それでも朝は当たり前のように毎日やってくる。
一日1日がなにも変わらないようでも、お腹の赤ちゃんは成長しているんだ。
シュウとはあれ以来全くの他人になって、少しずつお腹が大きくなってきたころ、暫く遠ざかっていた実家から電話が鳴った。
「もしもし」
「倫子?最近なにしてるの?」
母親の声を聞くと後ろめたい気持ちでいっぱいになった。
「んー。最近は仕事が忙しくて……」
「今日帰ってこれない?明日は日曜日だし、たまには泊まりにきたら?」
断る口実を必死に考える。
「ちょっと疲れてるから」
「でもね、ちょっと話もあるし、帰ってきなさい」
「……うん」
母親の少し強い口調に断りきれなかった。
なにかあったのかな?
「じゃあ待ってるから。

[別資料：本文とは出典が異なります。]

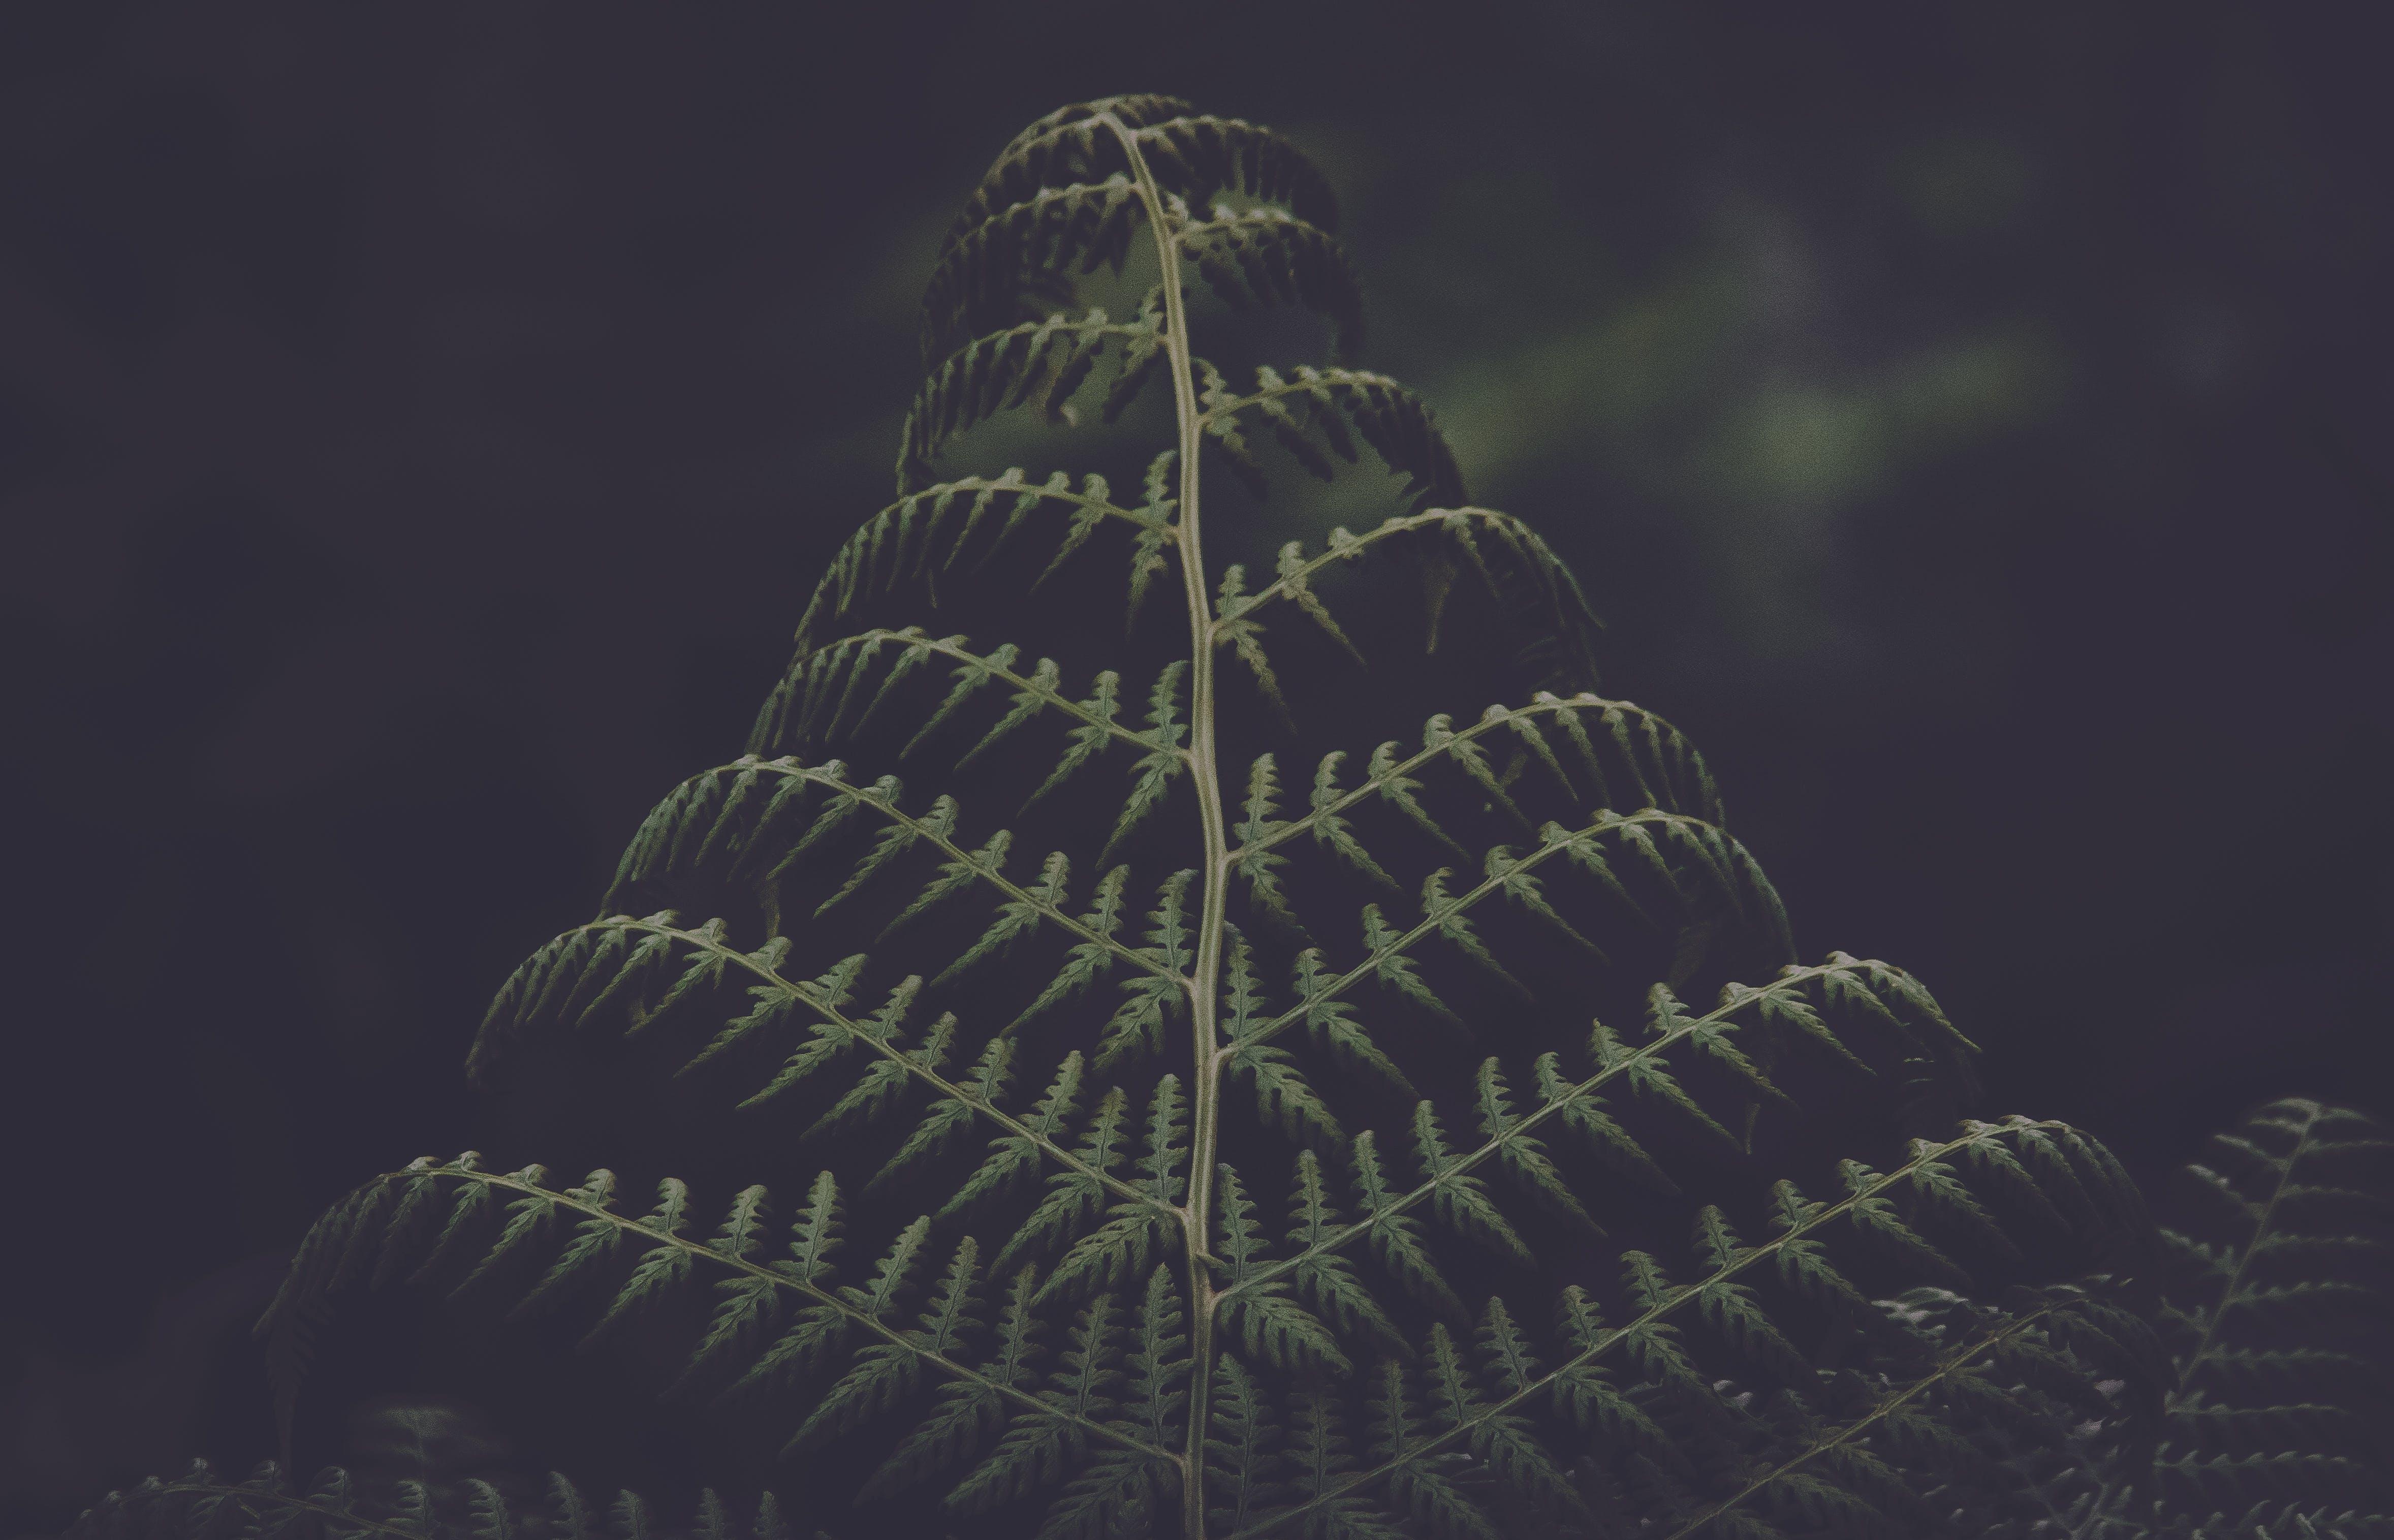 Low-light Photo Of Green Pinnate Leaf

気を付けて来るのよ?」
「分かった」
お腹が目立たないような服に着替え、すぐに実家に向かう。
話ってなんだろう……?
私ももう、話さないといけない時期かもしれない。
言えそうなときがあったら言おう。
言う勇気が出なかったら、来月ちゃんと話そう。
そう思った。
「ただいま」
母親はいつものように私を出迎えてくれる。